In the first paper, published in Nature Photonics, ICFO researchers Emilio Pisanty, Gerard Jiménez Machado, Veronica Vicuña-Hernández, Antonio Picón and Alessio Celi, led by ICREA Prof. at ICFO Maciej Lewenstein and UPC Prof. at ICFO Juan P. Torres, have designed a beam of light with a polarization state that forms three-lobed trefoils at each point, by combining light of different frequencies, and making the trefoils connect to each other in a way such that the light beam, as a whole, has the shape of a knot. These beams also exhibit a new kind of angular momentum, associated with the unusual symmetry of the beams, which remain unchanged when they’re rotated — but only when the polarization is rotated by a specific portion of the rotation in space. This new quantity is termed the torus-knot angular momentum, because of the type of knot in the beams, and the researchers were able to experimentally confirm its presence.

In the second paper, published in Physical Review Letters, ICFO researchers Emilio Pisanty and Antonio Picón, led by ICREA Professor at ICFO Maciej Lewenstein, in collaboration with researchers from the University of Salamanca and from CU Boulder, show that the new type of angular momentum is conserved in interactions. They show, via theoretical simulations, that at extremely high intensities, many photons of light can be combined into single photons with high energy, and that these new, bigger photons carry the combined torus-knot angular momentum of the original, smaller photons.
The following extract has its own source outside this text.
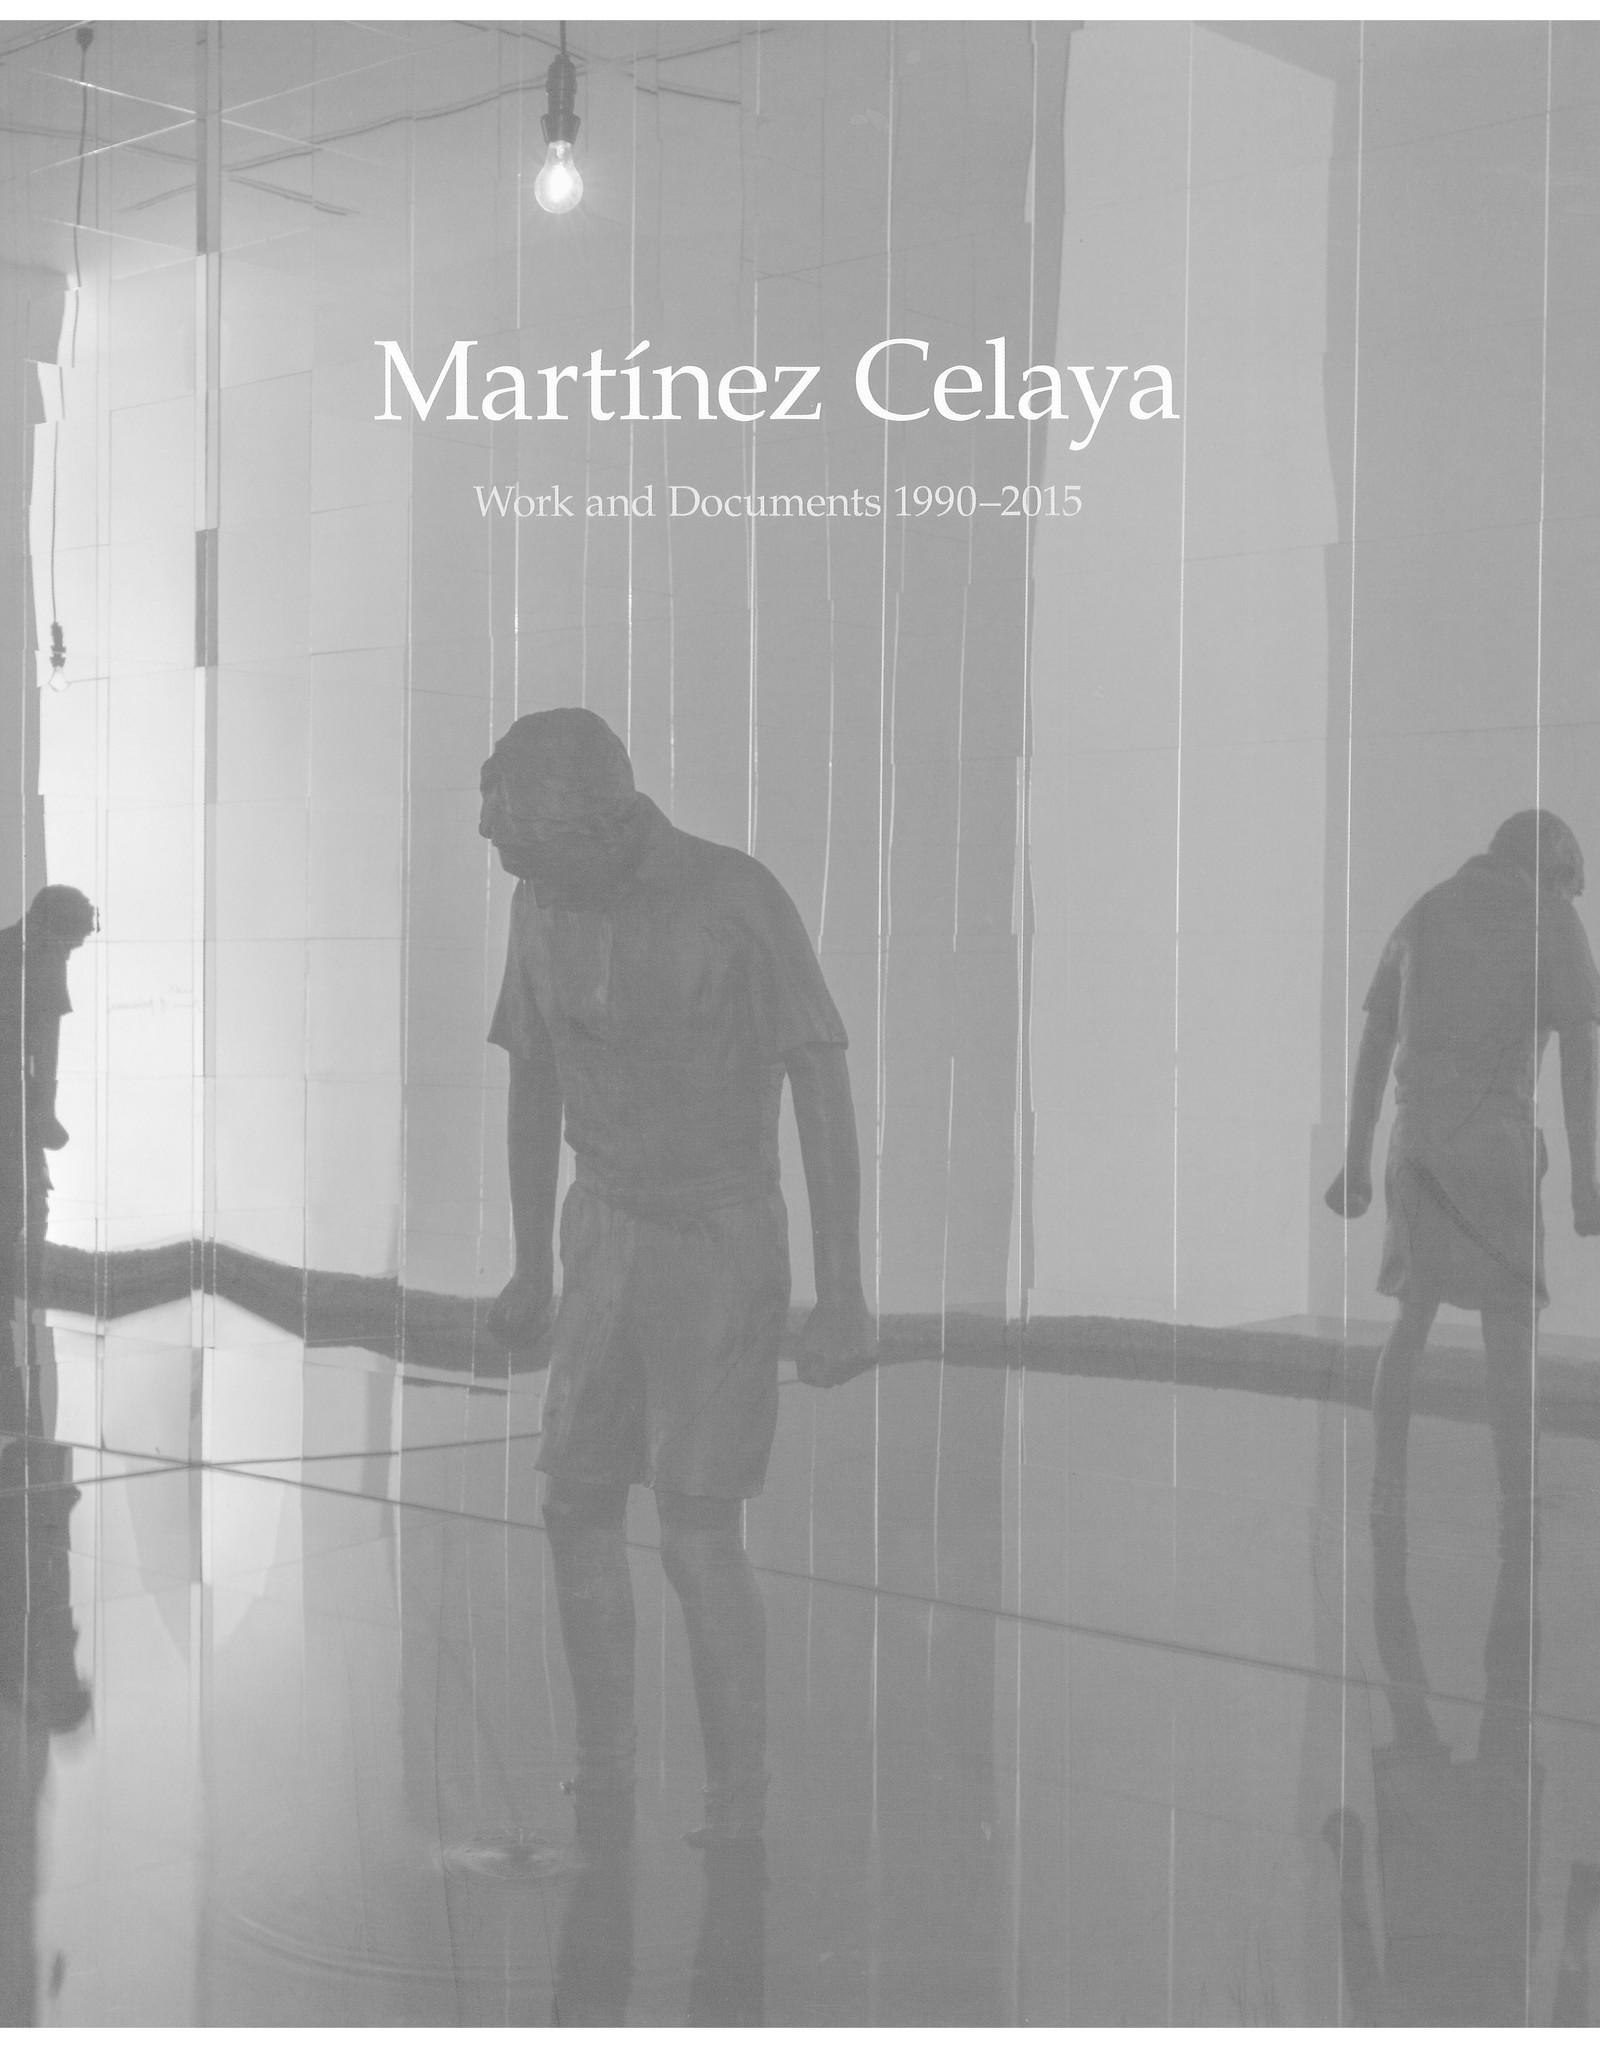 Martinez Celaya: Work and Documents 1990-2015 / Daniel A. Siedell

The results of both studies provide new frameworks and results that advance the study of structured light. On one hand, the researchers were able to find new conservation laws for photons, and how they can combine. On the other, they analyzed the fields that make this possible and showed that they contain a new optical singularity, with a new degree of freedom that could be used to store valuable information, opening the possibility of using these new topologies of light for future communication applications, among others.